Jump to content

Incidents/2025-11-11 WMCS toolsdb primary down

From Wikitech

document status: in-review

Summary

Incident metadata (see Incident Scorecard)
Incident ID 2025-11-11 WMCS toolsdb primary down Start 2025-11-11 13:30
Task T409922 End 2025-11-11 13:49
People paged 1 Responder count 2
Coordinators Filippo Giunchedi Affected metrics/SLOs No relevant SLOs exist
Impact ToolsDB unavailable for all tools for about 20 minutes.

Some transactions committed just before the crash might have been lost, although replication was flowing until the crash, so it should have replicated most or all of the committed transactions.

ToolsDB crashed while Francesco was investigating the previous crash from a few days before (Incidents/2025-11-05 toolsdb primary out of space).

Apparently this crash was unrelated, although I suspect that the fallback from the previous crash (with several gigabytes of undo logs added to the "ibdata1" file) might have increased the load and played some role in this crash.

Timeline

13:30 <dhinus> toolsdb just crashed while I was testing some config options (very minor ones)

13:30 <dhinus> and it's failing to restart, expect alerts/pages

13:34  <dhinus> I will fail over to tools-db-6 as I was already planning to do it anyway

13:37  Incident opened.  Filippo becomes IC.

13:37  <dhinus> I'm following the guide at https://wikitech.wikimedia.org/wiki/Portal:Toolforge/Admin/ToolsDB#Changing_a_Replica_to_Become_the_Primary

13:39  <dhinus> the first crash log is Nov 11 13:28:06 tools-db-4 mysqld[3528040]: 2025-11-11 13:28:06 0 [ERROR] [FATAL] InnoDB:  innodb_fatal_semaphore_wait_threshold was exceeded for dict_sys.latch>

13:40  <dhinus> there's a previous one actually Nov 11 13:20:48 tools-db-4 mysqld[3528040]: 2025-11-11 13:20:48 0 [ERROR] InnoDB: Crash recovery is broken due to insufficient innodb_log_file_size; last check>

13:43  <dhinus> https://gitlab.wikimedia.org/repos/cloud/cloud-vps/tofu-infra/-/merge_requests/281

13:46  <dhinus> running tofu apply with cookbook

13:47  <dhinus> setting read_only=off on tools-db-6 (the new primary)
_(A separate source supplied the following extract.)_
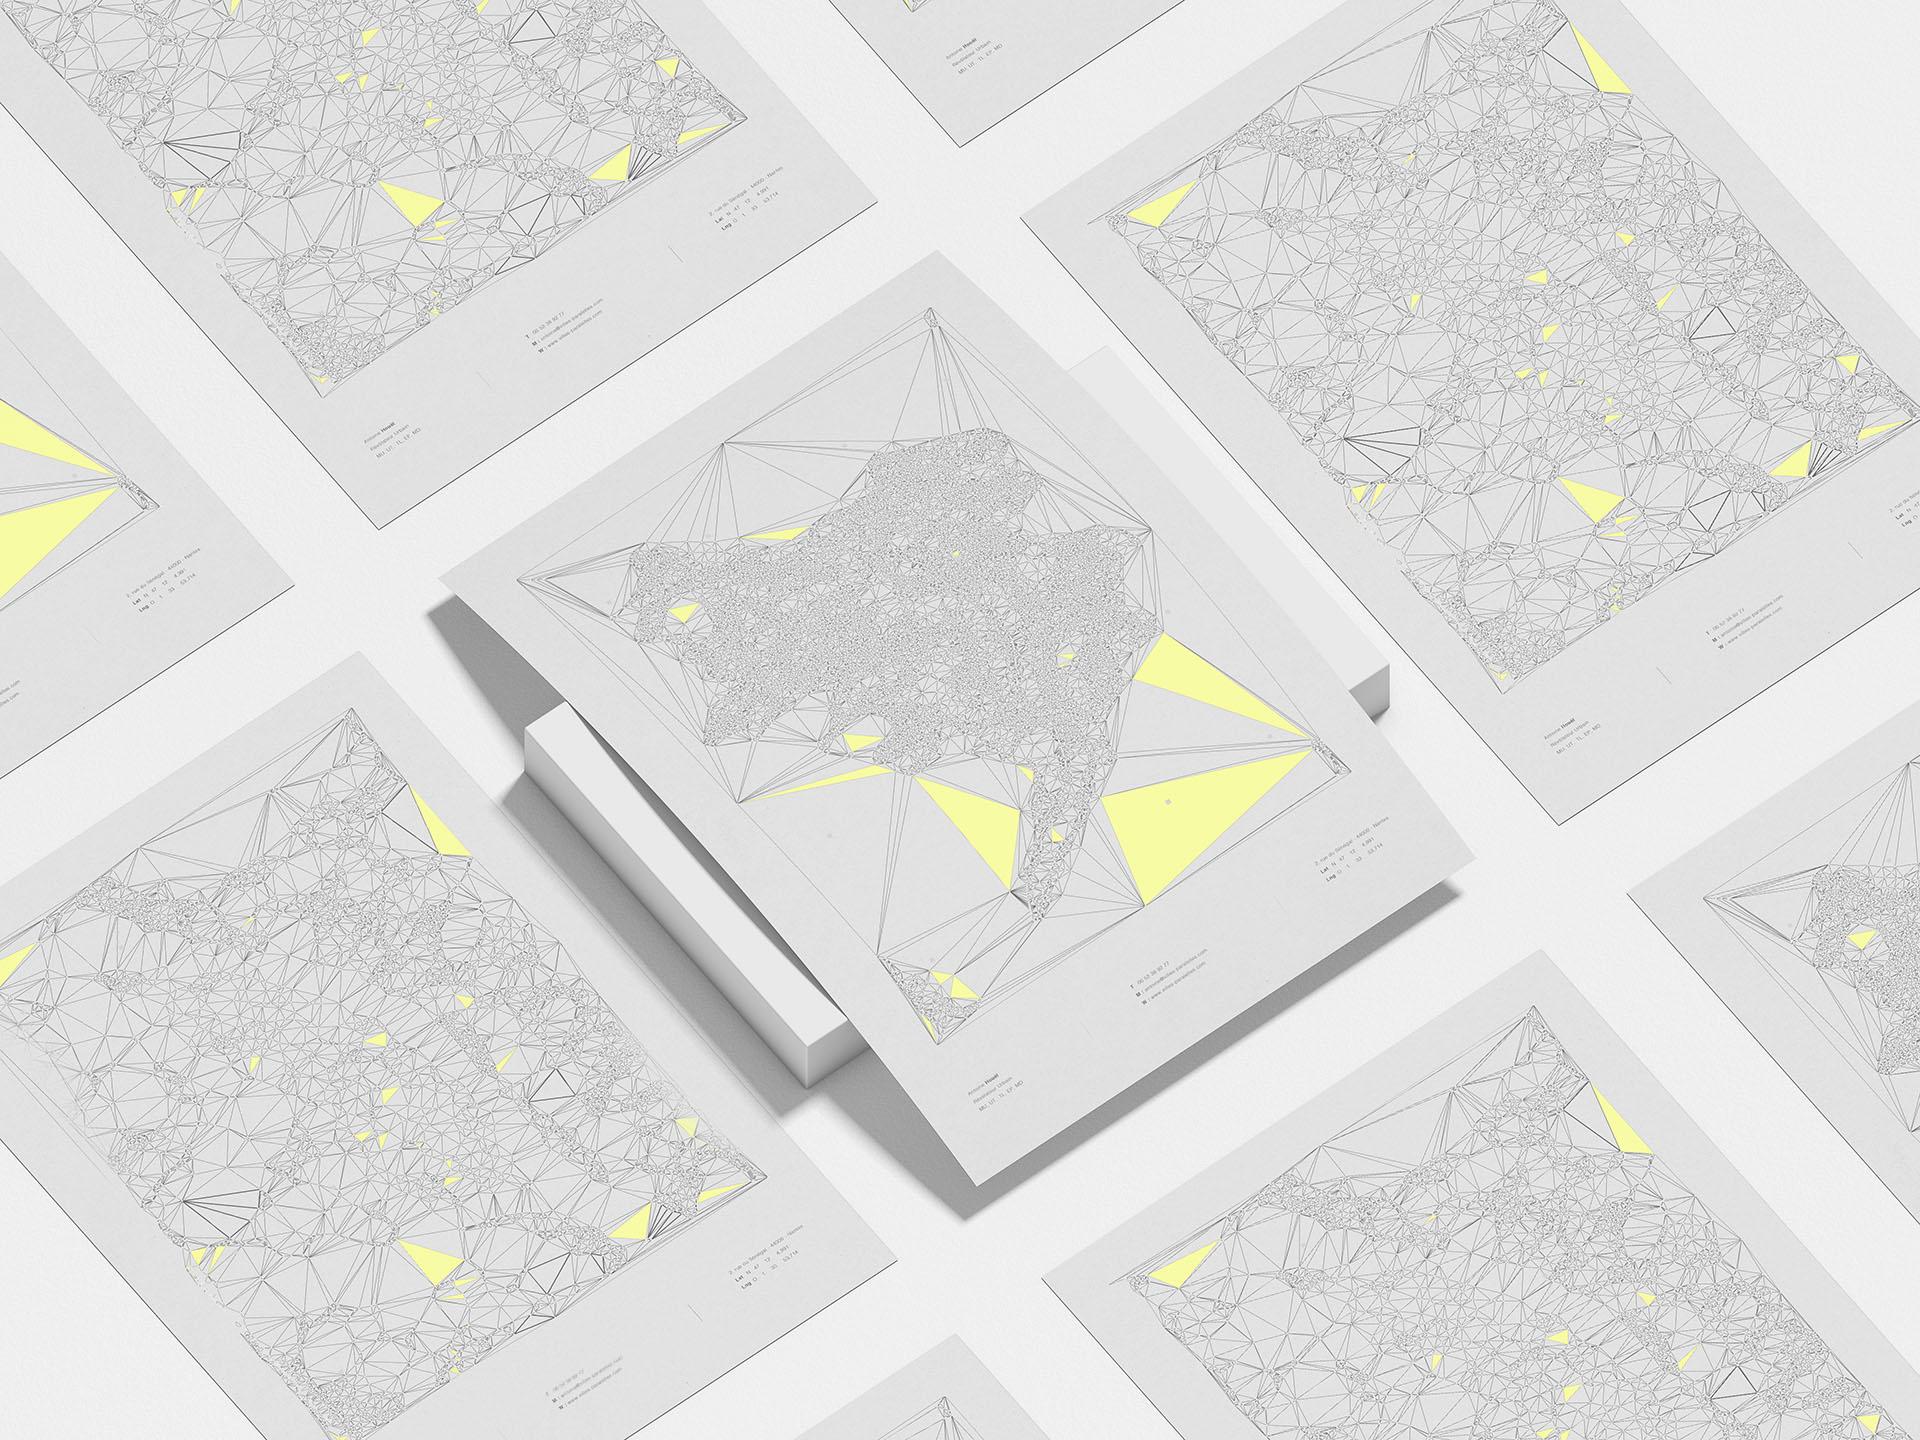 Villes parallèles nantes urbanisme et déplacement decarbonnés, maitrise d'usage poster graphisme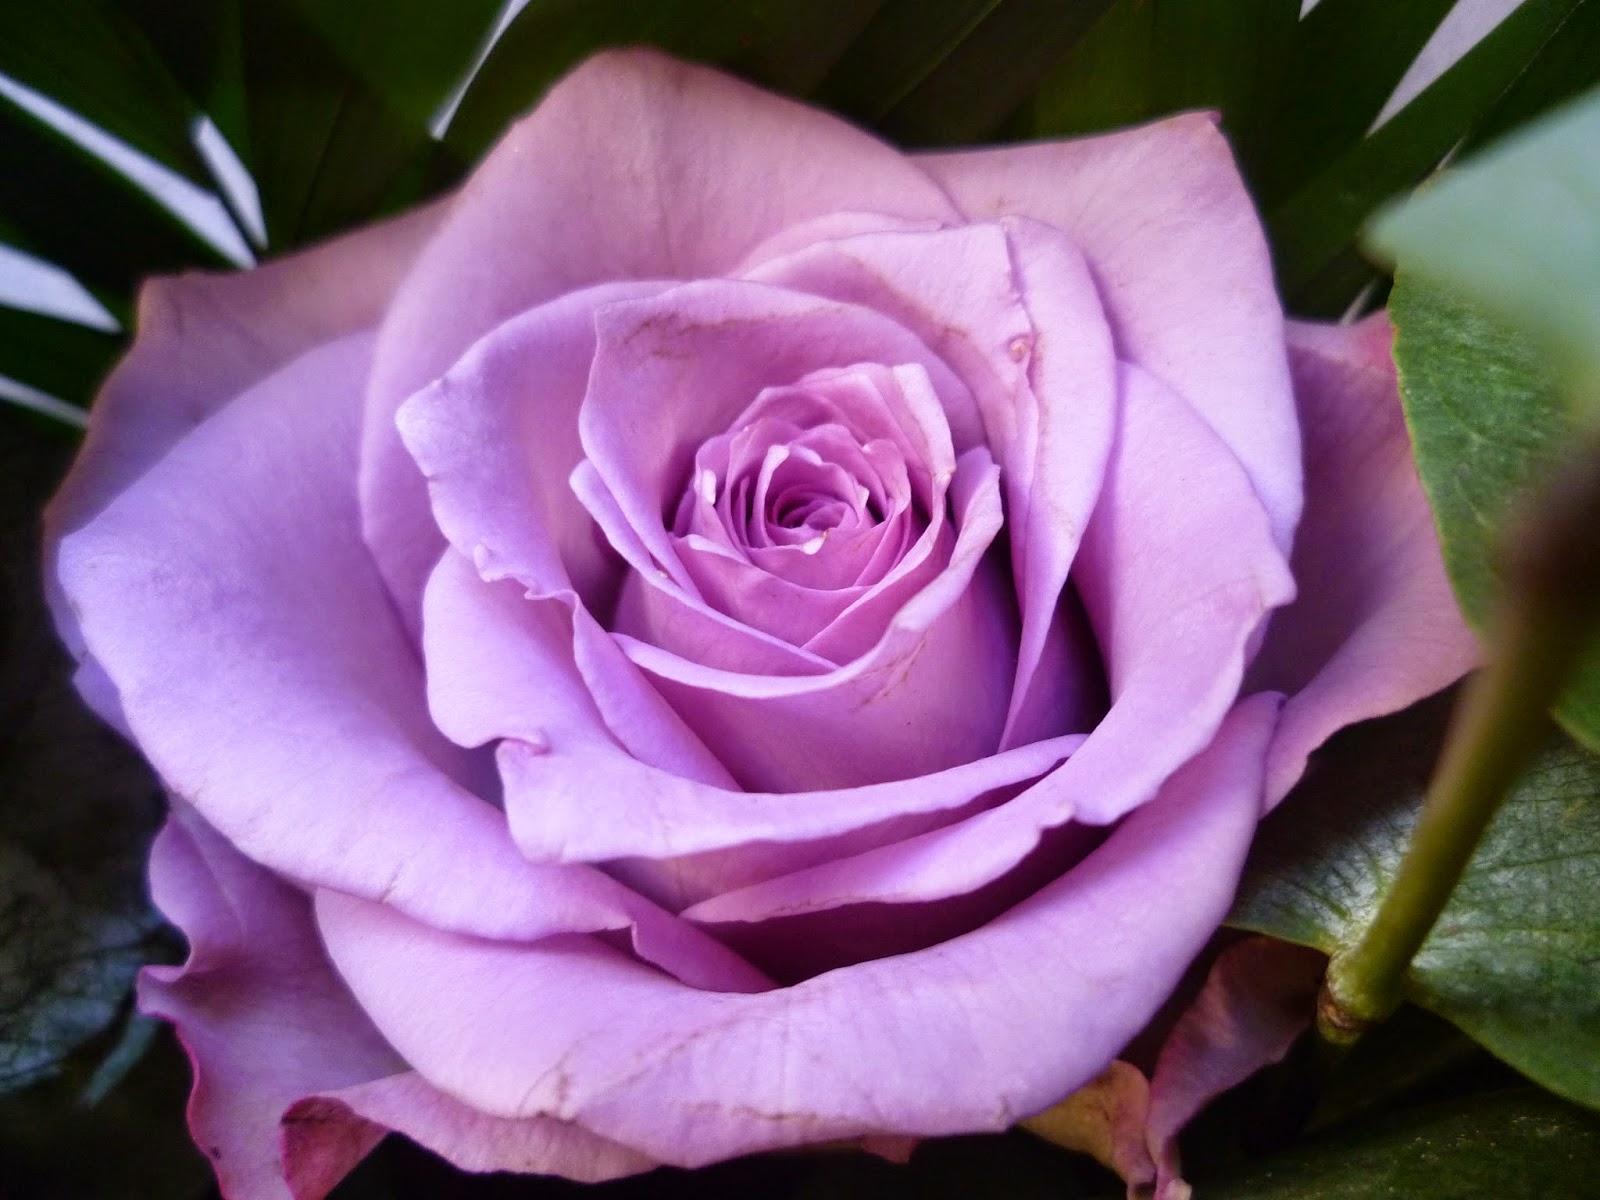 http://2.bp.blogspot.com/-Rb9s-I1D_hA/VQW00vJso-I/AAAAAAAAFD4/1knOBhvUO1s/s1600/P1050901.JPG

13:49  <dhinus> I see write transactions are already happening on the new host

13:49  <dhinus> `sql tools` from a toolforge bastion also works

Detection

Francesco was logged in to the server when it crashed, so he noticed immediately.

Conclusions

What went well?

  • Failover to the replica was relatively quick (about 10 minutes) and painless.

What went poorly?

  • If we had been quick with failing over to the replica host after the previous crash, this might have been avoided. At the same time, waiting was done on purpose because we were not completely sure the previous issue was resolved, and we didn't want it to happen again after the failover.

Where did we get lucky?

  • The crash happened during working hours and when Francesco was available and he was able to perform the failover quickly, as he wrote the failover procedure and performed it several times in the past.

Actionables

  • T409922 Crash recovery should not fail
  • T409890 Pt-heartbeat hiera key (profile::wmcs::services::toolsdb::primary_server) should follow the DNS name to detect toolsdb primary (i.e. automate this step)

Scorecard

Incident Engagement ScoreCard
Question Answer

(yes/no)

Notes
People Were the people responding to this incident sufficiently different than the previous five incidents? no
Were the people who responded prepared enough to respond effectively yes
Were fewer than five people paged? yes
Were pages routed to the correct sub-team(s)? yes
Were pages routed to online (business hours) engineers?  Answer “no” if engineers were paged after business hours. yes
Process Was the "Incident status" section atop the Google Doc kept up-to-date during the incident? yes
Was a public wikimediastatus.net entry created? no
Is there a phabricator task for the incident? yes
Are the documented action items assigned? yes
Is this incident sufficiently different from earlier incidents so as not to be a repeat occurrence? yes
Tooling To the best of your knowledge was the open task queue free of any tasks that would have prevented this incident? Answer “no” if there are open tasks that would prevent this incident or make mitigation easier if implemented. no
Were the people responding able to communicate effectively during the incident with the existing tooling? yes
Did existing monitoring notify the initial responders? no
Were the engineering tools that were to be used during the incident, available and in service? yes
Were the steps taken to mitigate guided by an existing runbook? yes
Total score (count of all “yes” answers above)